The world reacts, and people within the world react.
With the world reacting, you're looking at first order effects that have two purposes:
- to signal the presence of an artifact of great power disturbing the natural order to the players
- to signal that presence to other people
Thus, you'll have the artifact animating a bunch of zombies in the night, especially if the party has the misfortune to enter a battlefield. (take a look at some of the answers here) to see how to signal the battlefield beforehand.
This signals that there is necromantic stuff going on. By having it become a pattern of "random" encounters that increase in scope, not only does it become a major campaign arc, but the players are likely to talk about it in game. Streetwise checks can be incredibly dangerous in situations like this.

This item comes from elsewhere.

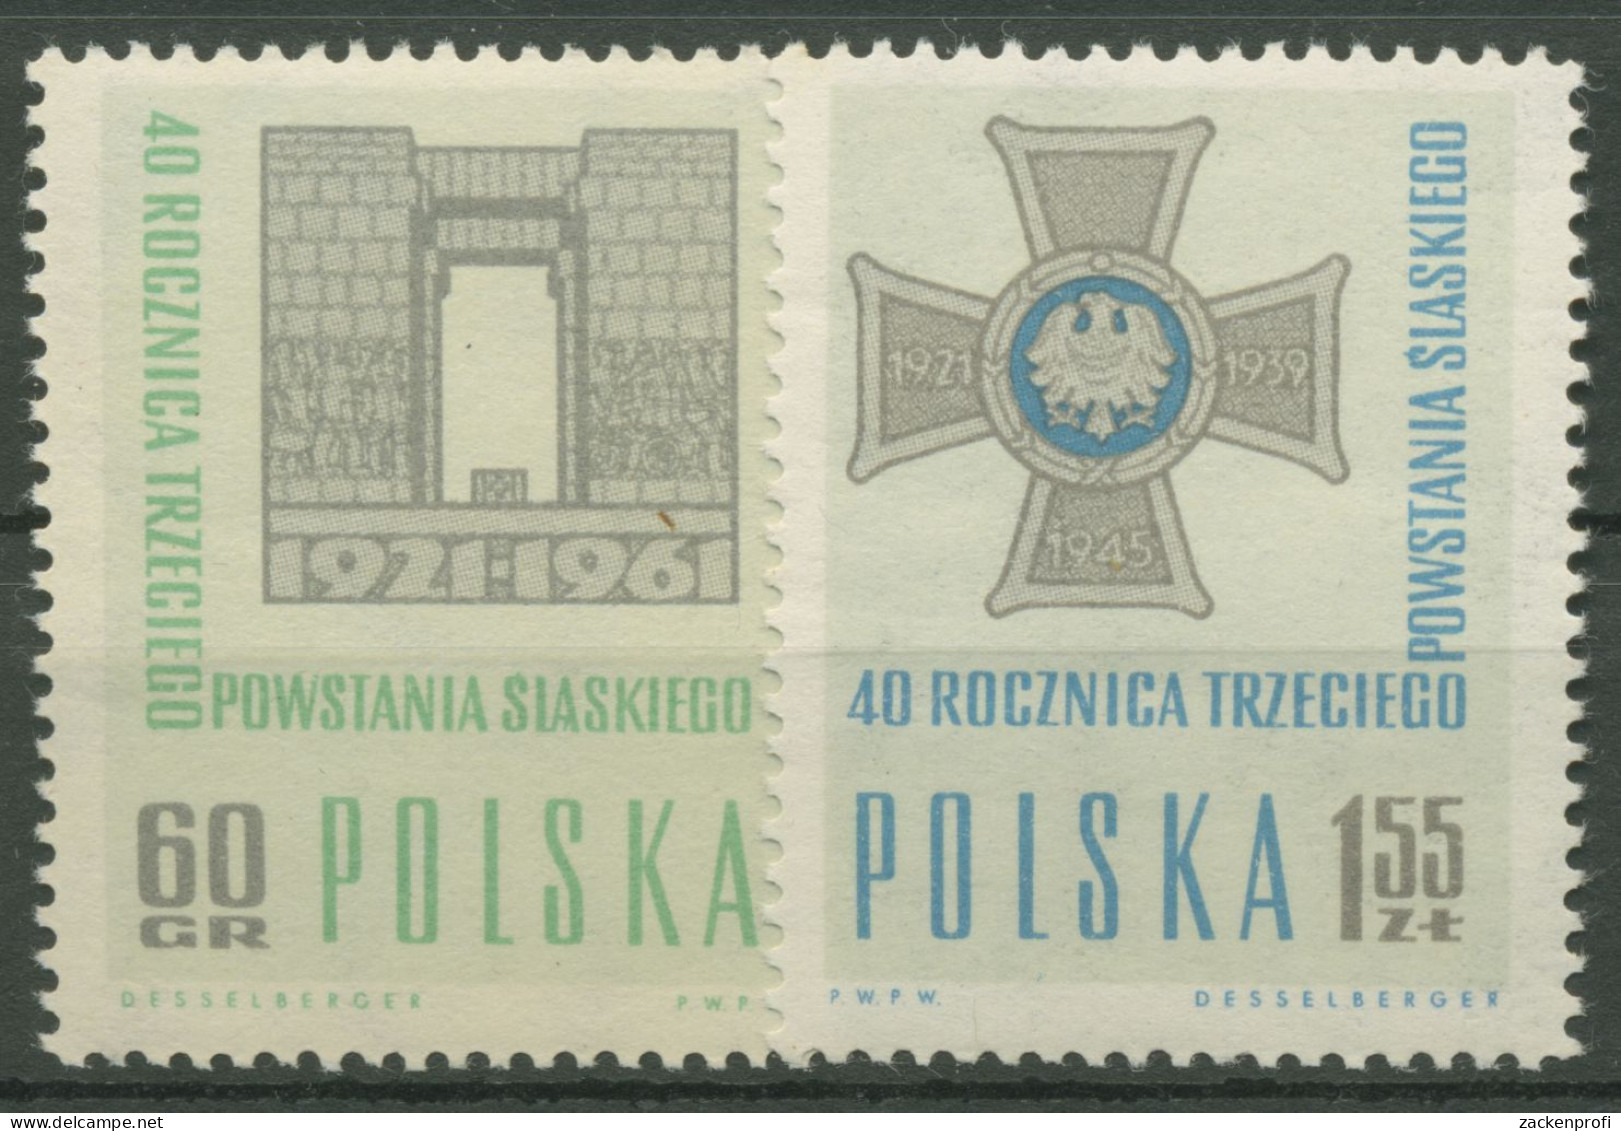 Polen 1961 Schlesischer Aufstand Denkmal 1259/60 Postfrisch - Neufs
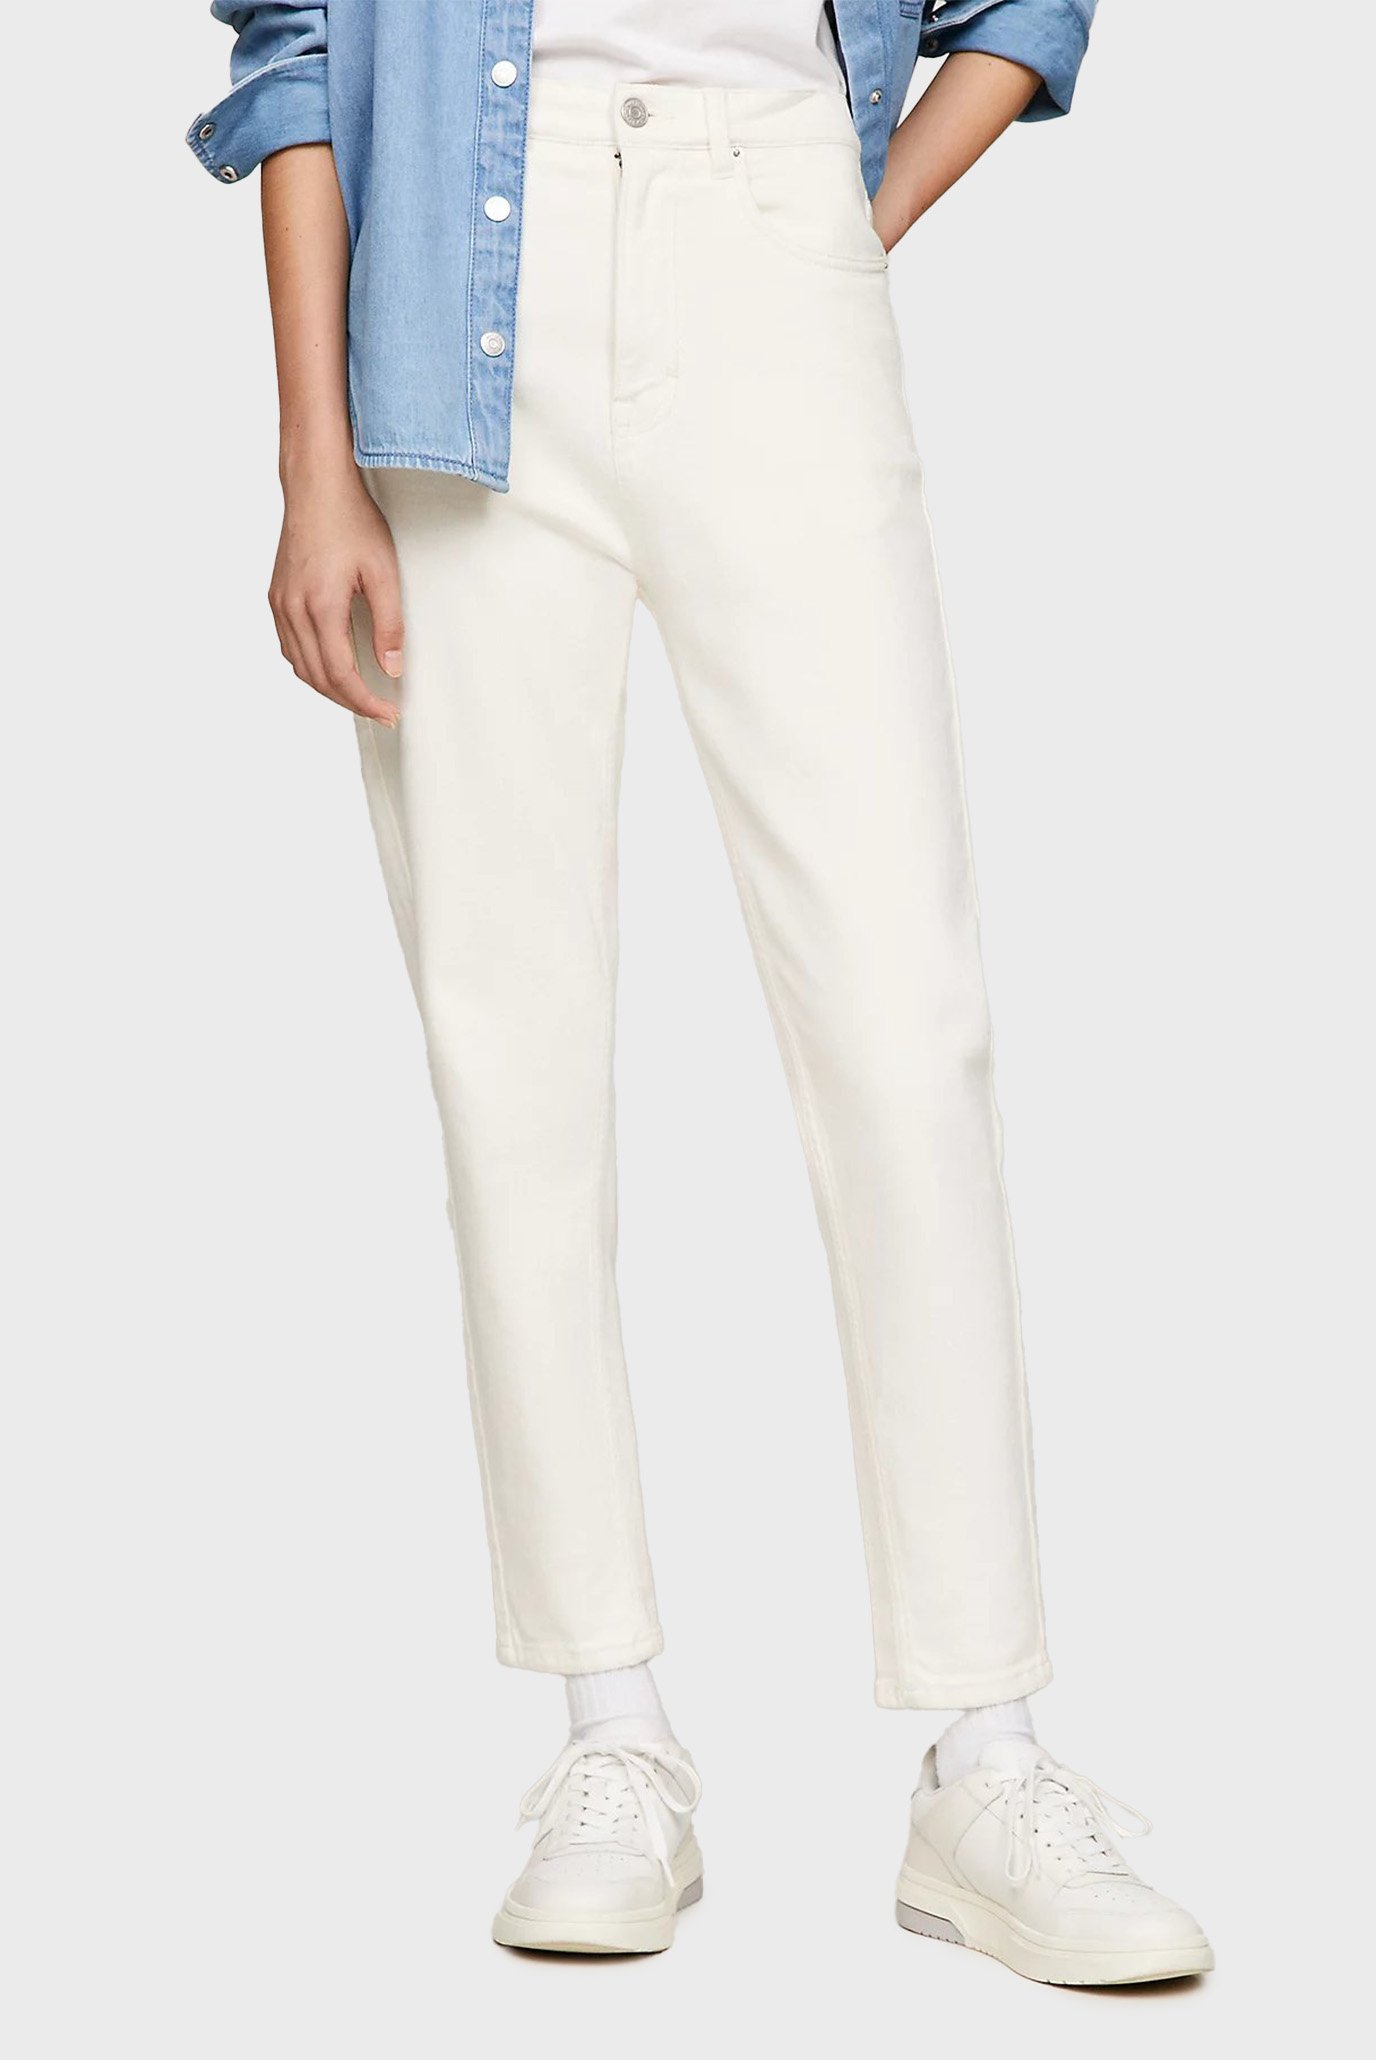 Жіночі білі джинси TJW MOM SLIM UH GD 1

If the players make any effort to find out what's going on from other sentients, the fact that they're asking questions signals to people who care that they not only have it, but they don't know what they have.
This may lead to typical Mr. Johnson quests (shadowrun term, references the people who hire the party) that end up in "unexpected and overwhelming force" for the evil, other adventuring parties ambushing them when they're on that quest, and good NPCs arriving, saving them, and generally complicating matters. Here, it's critical that no-one know where the MacGuffin is, only that the players are tainted by it. Each of the major powers will be using their own distinctive brand of force and persuasion to get their hands on it.
Make sure that at least one NPC offers to hire them to recover the artifact.
This way, there's no need to impose "madness" on the PC carrying the artifact, just on the world around him. If you're subtle, the rest of the party won't suspect. If the PC's subtle, he'll plant it somewhere or send the party on a quest to "recover" it without anyone being the wiser.